The core idea is simple. You have two roles:

The Overseer (your expensive model — Claude Sonnet, Opus, whatever you’re using as the “main” agent) does three things:

  1. Understands the request and scopes the task precisely
  2. Hands the scoped task to the workhorse with no ambiguity
  3. Reviews the workhorse’s output before accepting it

The Workhorse (a cheap or free model) does one thing: executes the task exactly as specified, then reports back.

The intern analogy is pretty good here. You (the senior dev) hand the intern a tightly-scoped task: “Rename every occurrence of user_id to userId across these five files. Don’t touch anything else. Show me the diff when you’re done.” The intern does it. You check it. Done.

You would never hand the intern the PRD and say “implement this feature.” That’s not what interns are for. The overseer handles all of that — the understanding, the architectural decisions, the final verification. The intern just executes.

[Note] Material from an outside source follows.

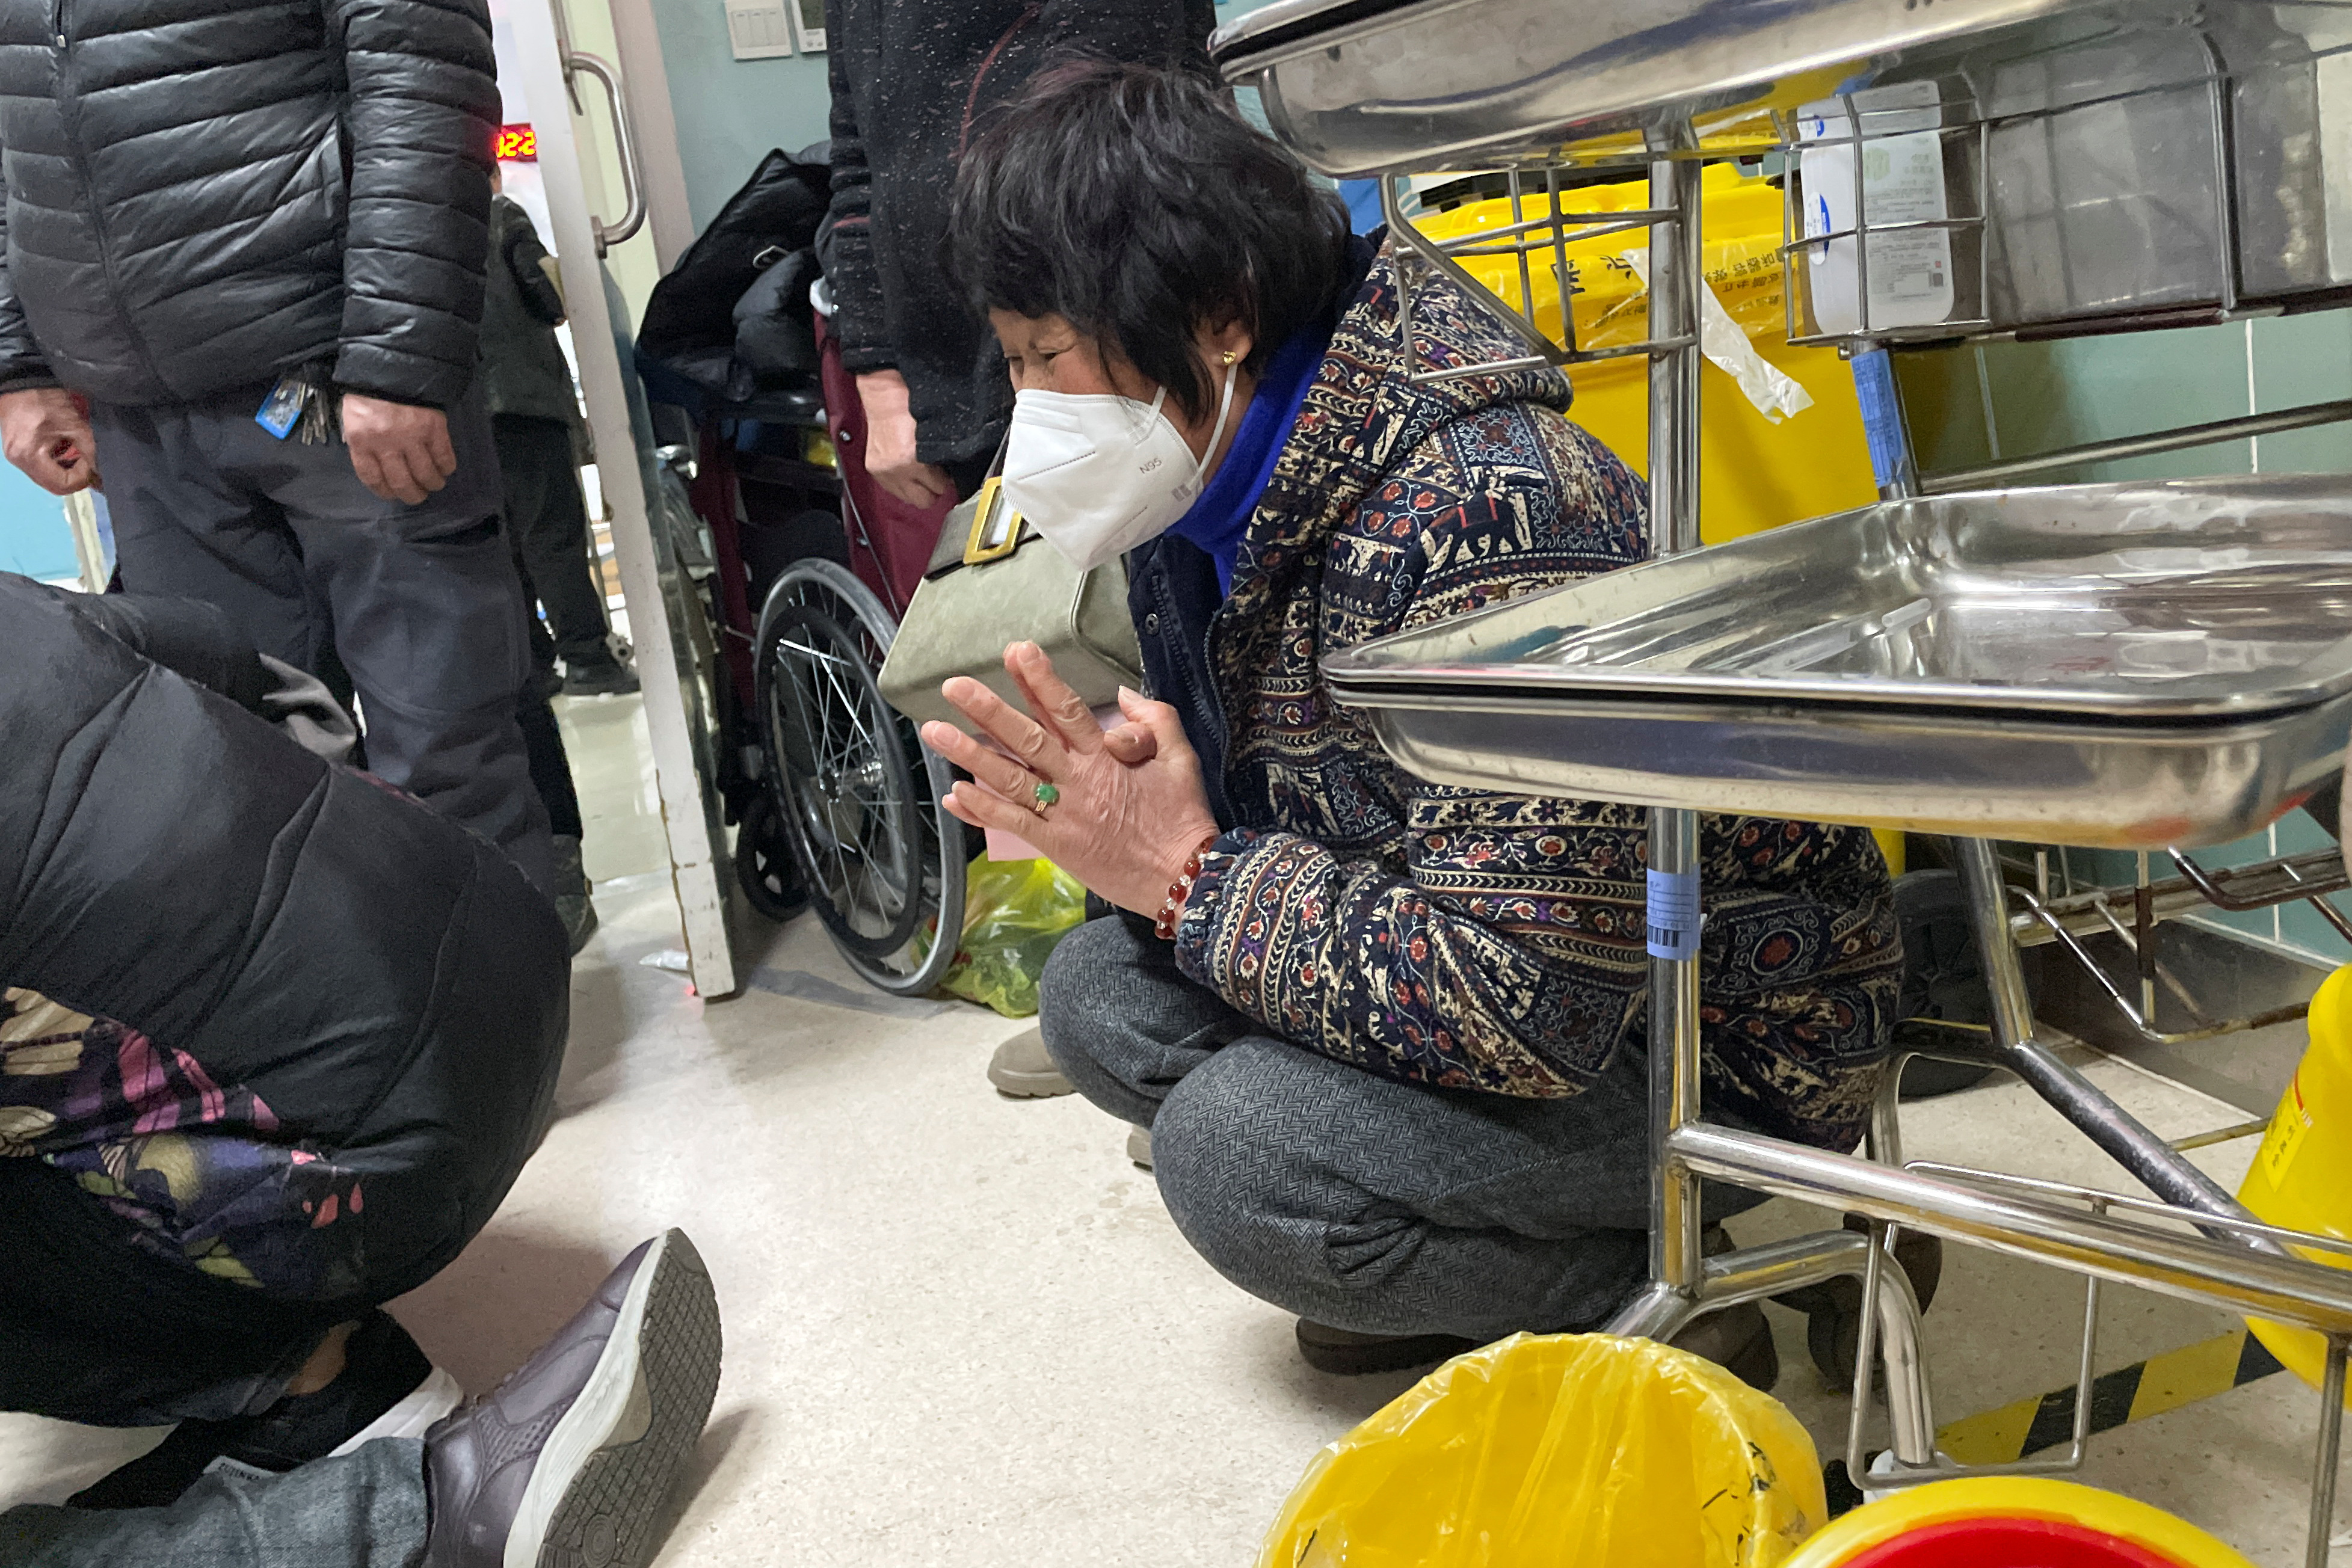 Un pariente reza junto a un hombre que recibe compresiones torácicas a través de un dispositivo de RCP mientras está acostado en el piso en el departamento de emergencias de un hospital, en medio del brote de la enfermedad por coronavirus (COVID-19) en China

What This Actually Saves (Hint: It’s Not Just Price Per Token)

People hear “cheap model” and think about price per million tokens. That’s real, but it’s the smaller win. The bigger one is something most articles don’t explain clearly.

Win 1: Price per token. Cheap models run anywhere from a few times to dozens of times cheaper per token than frontier models — Haiku is several times cheaper than Sonnet, while a free-tier Gemini Flash against a frontier model is effectively free. Gemini Flash, Haiku, and DeepSeek all sit in the sub-cent-per-million-token range for input. If the workhorse reads 20 files and produces a diff, you’ve spent fractions of a cent instead of a few dollars.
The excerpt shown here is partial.